Within the entries below, please retype exactly the lines starting with the line that has "Michael Fabricant, MP" and going on through the line that has "Men and Women's", but not the pictures.

--- Dataset records ---
*****

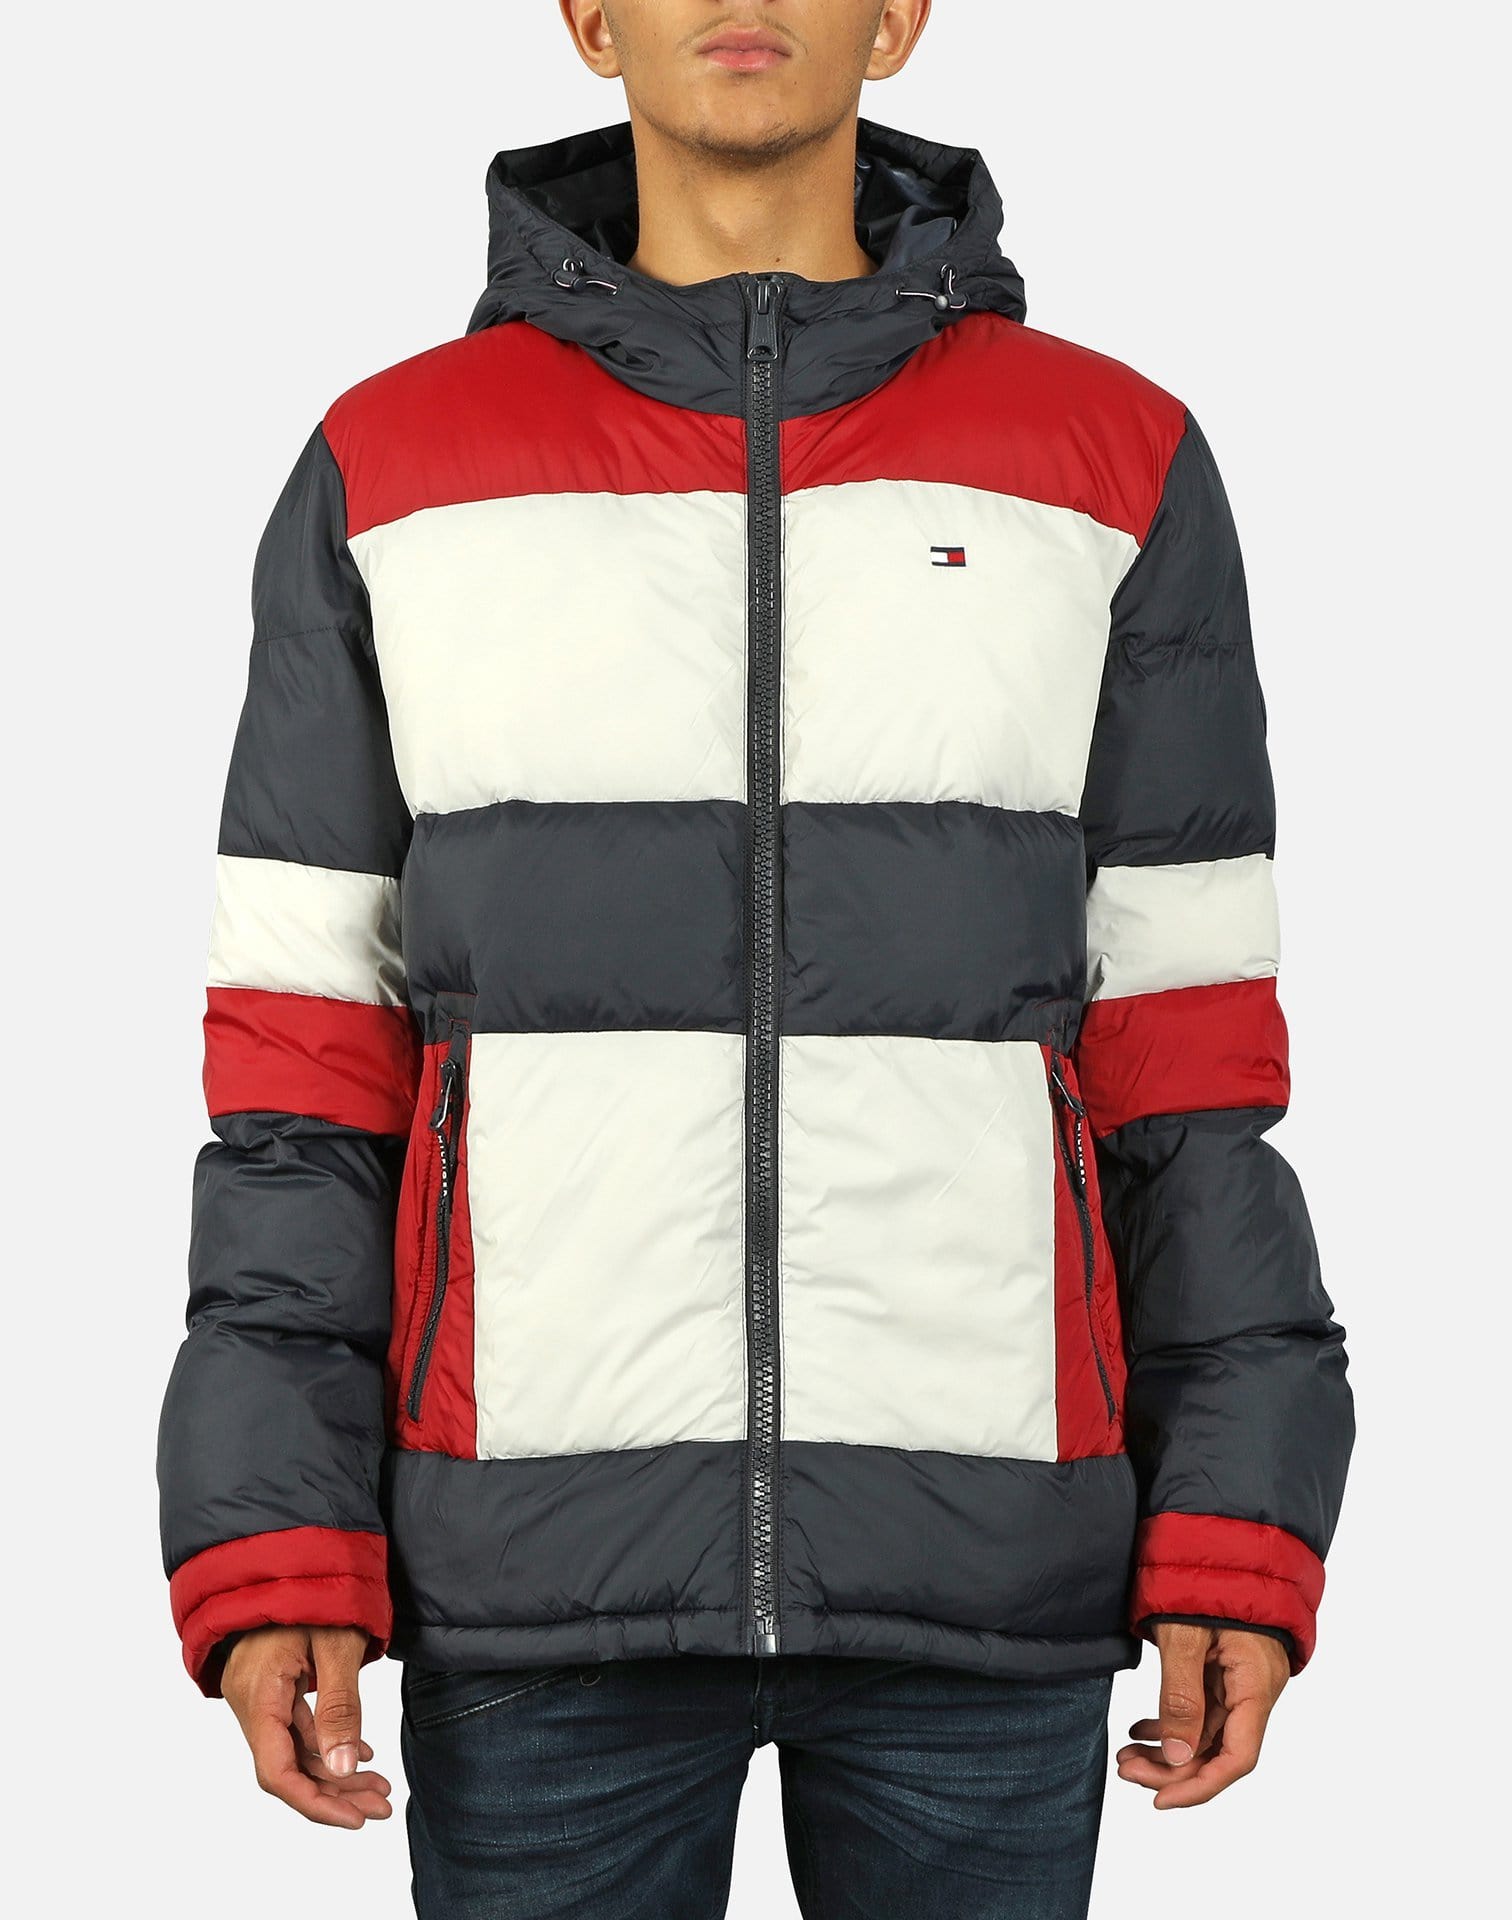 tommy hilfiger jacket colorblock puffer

*****

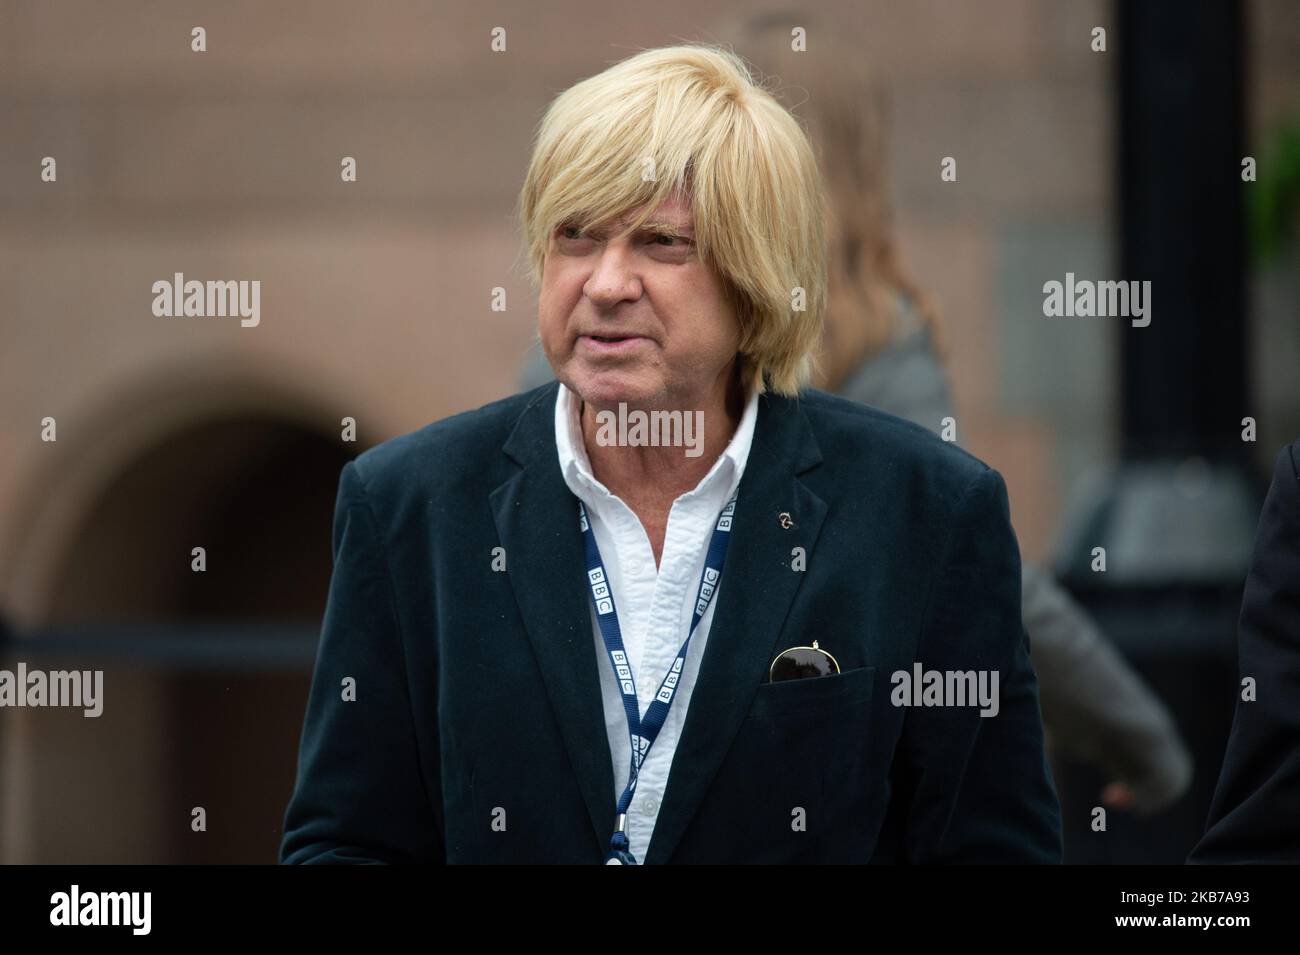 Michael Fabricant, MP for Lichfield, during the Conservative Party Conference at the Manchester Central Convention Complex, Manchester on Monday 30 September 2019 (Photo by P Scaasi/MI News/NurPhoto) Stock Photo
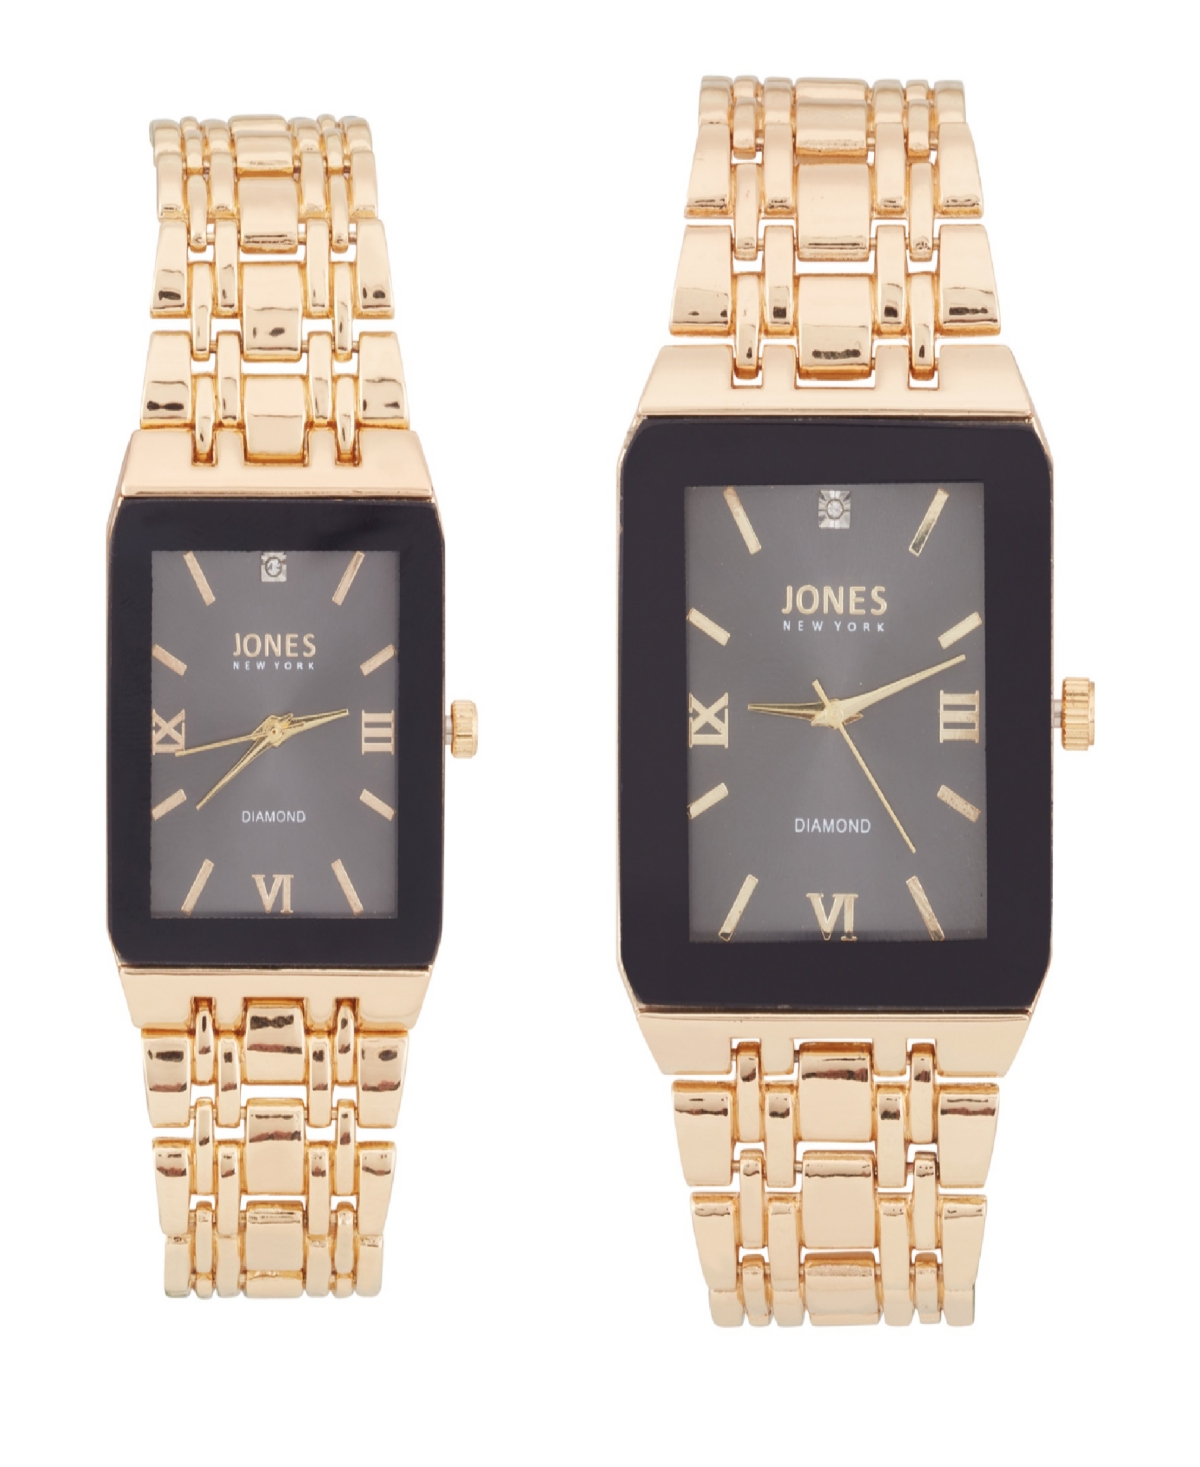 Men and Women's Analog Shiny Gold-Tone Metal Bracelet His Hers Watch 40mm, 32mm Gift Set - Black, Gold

*****

--- Result of this exercise ---
 Michael Fabricant, MP for Lichfield, during the Conservative Party Conference at the Manchester Central Convention Complex, Manchester on Monday 30 September 2019 (Photo by P Scaasi/MI News/NurPhoto) Stock Photo
 Men and Women's Analog Shiny Gold-Tone Metal Bracelet His Hers Watch 40mm, 32mm Gift Set - Black, Gold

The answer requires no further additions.